Untitled AAAAAAA, along with the other works in the series, combines two of Hirst’s key interests and abiding areas of investigation: science and mortality. The very presence of the serried ranks of medicine bottles, creams and pills hints at the fragility of the human body, whilst acting as a concomitant paean to the remarkable medical advances of the Twentieth Century. The darker connotations suggested by Hirst's medicine cabinets are thus alleviated by the inherent presence of hope and the possibility of being able to mitigate pain and suffering: full of items that have the potential to heal, the simple medicine cabinet is here imbued with life-changing qualities. Untitled AAAAAAA thus becomes an almost magical repository of seeming immortality.

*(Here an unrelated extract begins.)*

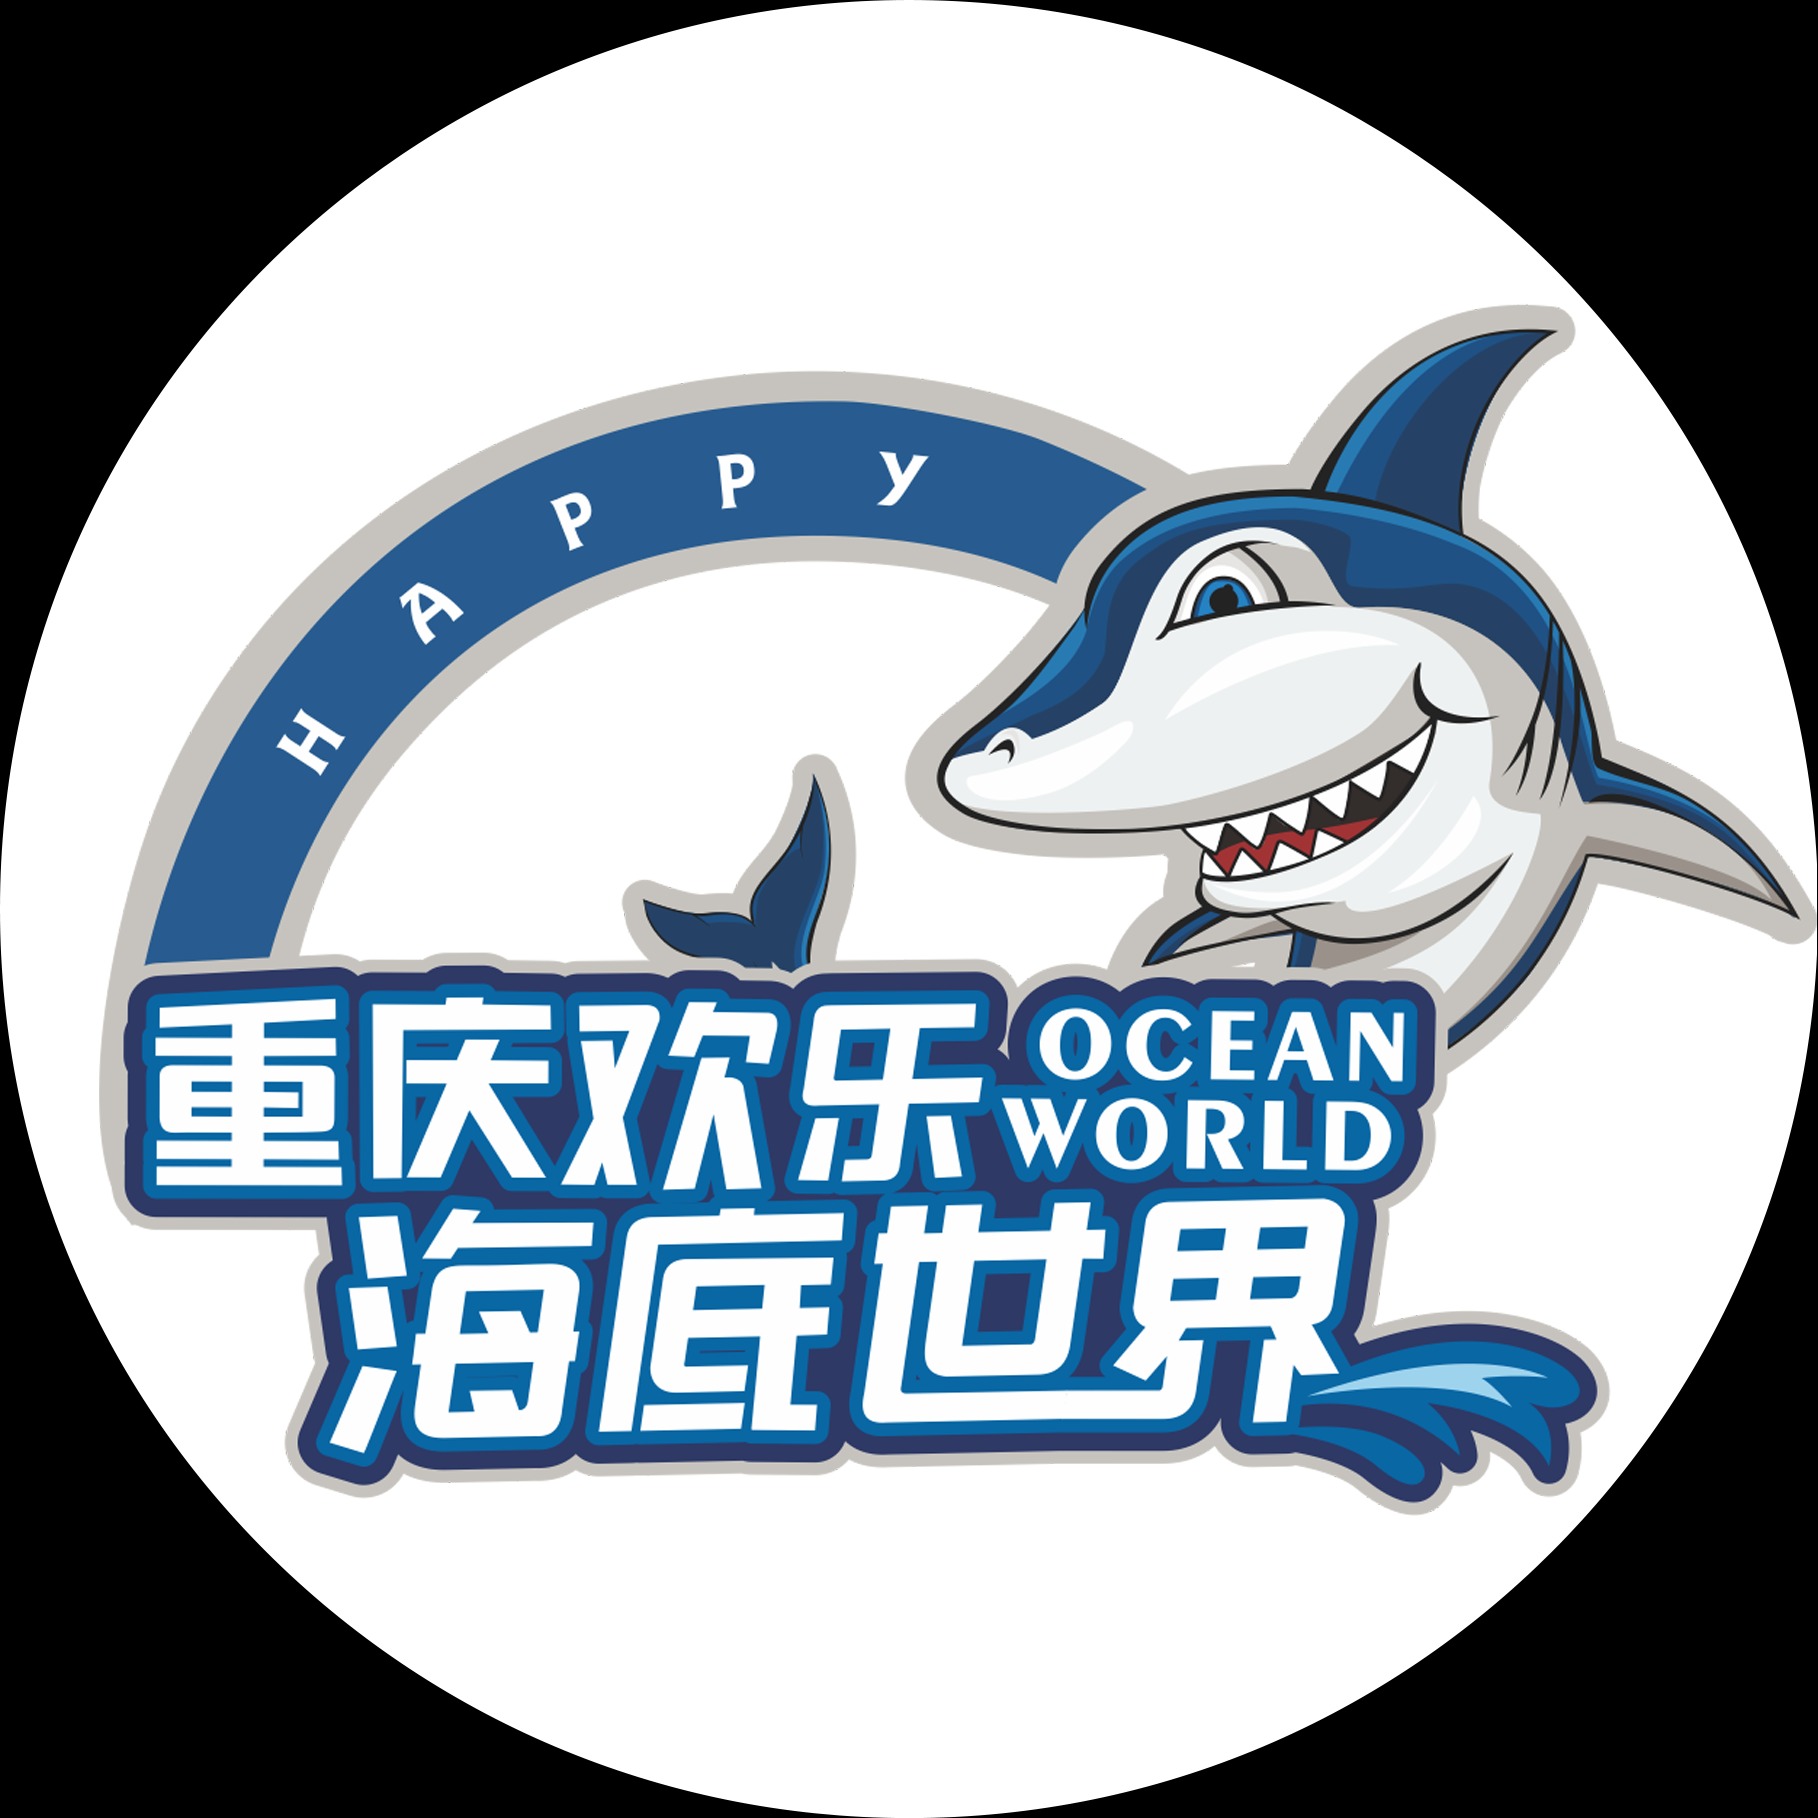 重庆欢乐海底世界旅游发展有限公司

Hirst remembers a moment in a pharmacy with his mother, picking up on the trusting faith that people invest in the power of pills and other modern medical inventions to cure all ills, an all-encompassing panacea: “I’d been trying to explain loads of work to my mum, about what I’d been doing. She’s an open-minded person, but she had a completely closed mind about it… And I was with my mum in the chemist: she was getting a prescription, and it was, like, complete trust on the one level in something she’s equally in the dark about… It’s just completely packaging and formal sculpture and organised shapes. My mum was looking at the same kind of stuff in the chemist’s and believing in it completely. And then, when looking at it in an art gallery, completely not believing in it. As far as I could see, it was the same thing… I really loved the idea of art maybe, you know, curing people” (Damien Hirst quoted in: Gordon Burn and Damien Hirst, On the Way to Work, London 2001, p. 25). An exposition of Hirst’s career-long interest in the cycle of life, Untitled AAAAAAA is a potent signifier of humanity’s inherent hope in the possibilities of future immortality attained through the wonders of scientific advancement.